另外除了锁,MMKV内部通过维护文件大小,在读写操作之前检查现在的文件大小和内部维护的大小是否匹配,如果不匹配说明发生了多进程的写入。另一方面还维护了一个m_sequence的序列号,当内存发生重整时,会递增这个序列号,一旦自己进程的序列号和文件的序列号不一致,则说明发生了其他进程的重整操作。这两种情况都需要重新加载:

MMKV_IO.cpp:

void MMKV::checkLoadData() {
    ...
    if (m_metaInfo->m_sequence != metaInfo.m_sequence) {
        MMKVInfo("[%s] oldSeq %u, newSeq %u", m_mmapID.c_str(), m_metaInfo->m_sequence, metaInfo.m_sequence);
        SCOPED_LOCK(m_sharedProcessLock);

        clearMemoryCache();
        loadFromFile();
        notifyContentChanged();
    } else if (m_metaInfo->m_crcDigest != metaInfo.m_crcDigest) {
        MMKVDebug("[%s] oldCrc %u, newCrc %u, new actualSize %u", m_mmapID.c_str(), m_metaInfo->m_crcDigest,
                  metaInfo.m_crcDigest, metaInfo.m_actualSize);
        SCOPED_LOCK(m_sharedProcessLock);

        size_t fileSize = m_file->getActualFileSize();
        if (m_file->getFileSize() != fileSize) {
            MMKVInfo("file size has changed [%s] from %zu to %zu", m_mmapID.c_str(), m_file->getFileSize(), fileSize);
            clearMemoryCache();
            loadFromFile();
        } else {
            partialLoadFromFile();
        }
        notifyContentChanged();
    }
}

数据加密

MMKV可以选择使用加密的模式,即将数据加密存储,使用的是AES加密,需要传密钥进去,但是需要自己保存好密钥,在下次初始化时传入进去。

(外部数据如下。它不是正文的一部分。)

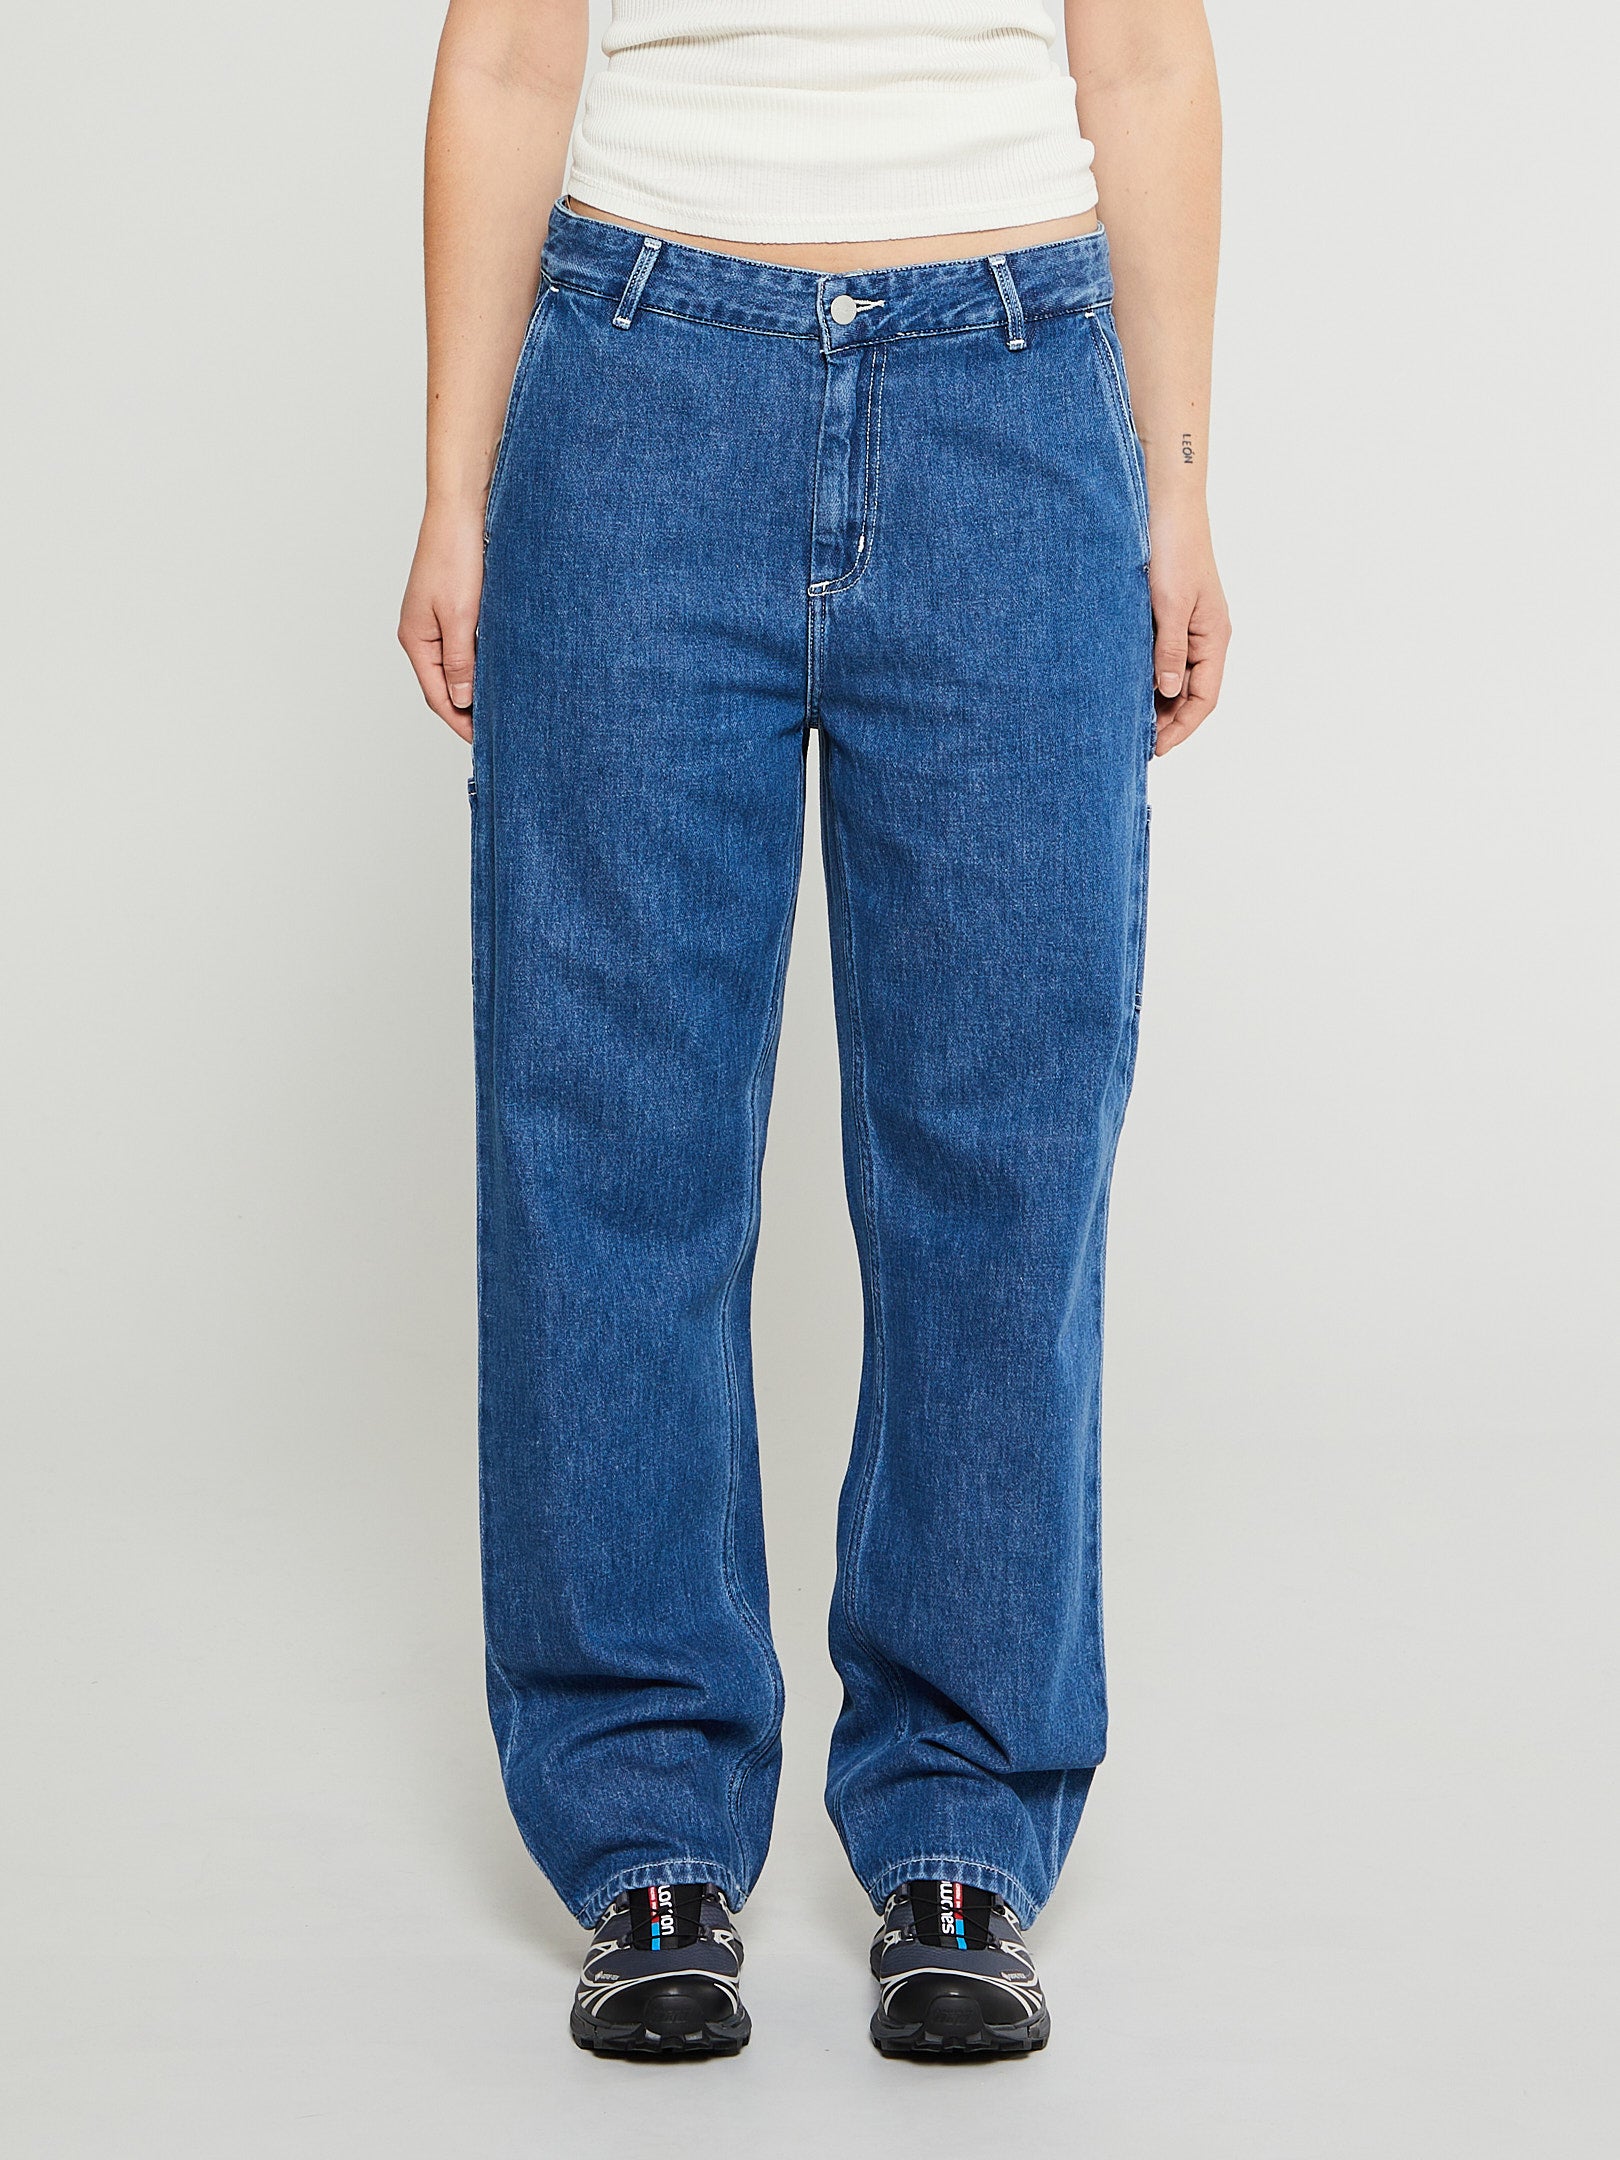 CARHARTT - W' Pierce Pant Straight in Blue Stone Washed

MMKV处理的比较灵活,可以变换密钥,或者明文和密文切换。在切换之后,需要重新将数据写入一遍。代码片段如下:

bool MMKV::reKey(const string &cryptKey) {
    ...
    if (m_crypter) {
        if (cryptKey.length() > 0) {
            string oldKey = this->cryptKey();
            if (cryptKey == oldKey) {
                return true;
            } else {
                // change encryption key
                MMKVInfo("reKey with new aes key");
                auto newCrypt = new AESCrypt(cryptKey.data(), cryptKey.length());
                ret = fullWriteback(newCrypt);
                if (ret) {
                    delete m_crypter;
                    m_crypter = newCrypt;
                } else {
                    delete newCrypt;
                }
            }
        } else {
            // decryption to plain text
            MMKVInfo("reKey to no aes key");
            ret = fullWriteback(InvalidCryptPtr);
            if (ret) {
                delete m_crypter;
                m_crypter = nullptr;
                if (!m_dic) {
                    m_dic = new MMKVMap();
                }
            }
        }
    } else {
        if (cryptKey.length() > 0) {
            // transform plain text to encrypted text
            MMKVInfo("reKey to a aes key");
            auto newCrypt = new AESCrypt(cryptKey.data(), cryptKey.length());
            ret = fullWriteback(newCrypt);
            if (ret) {
                m_crypter = newCrypt;
                if (!m_dicCrypt) {
                    m_dicCrypt = new MMKVMapCrypt();
                }
            } else {
                delete newCrypt;
            }
        } else {
            return true;
        }
    }
    // m_dic or m_dicCrypt is not valid after reKey
    if (ret) {
        clearMemoryCache();
    }
    return ret;
}

性能对比

在单进程和多进程的写入和读取性能上,MMKV都是大幅超过了Android传统的SharedPreferences和SQLite。这得益于mmap和增量写入。具体测试结果参考官方:github.com/Tencent/MMK…

总结

MMKV作为一种高性能大量数据的存储组件,对比Android传统的存储方式SharedPreferences和SQLite确实有不少优势。核心是使用mmap内存映射文件,对比传统IO,在性能上有很大优势,并且将读写文件的操作变得和操作内存一样简单。翻看源码,有不少优秀的设计点。比如增量写入,重整内存,通过文件大小校验对多进程操作感知,多进程读写锁等等。但它的缺点是可能造成内存的浪费,因为必须映射内存页的整数倍,如果只存储很少量的数据,则显得大材小用。因此,可以作为一种数据存储的选择方案,在一些需要大量存储数据场景时,替代SharedPreferences。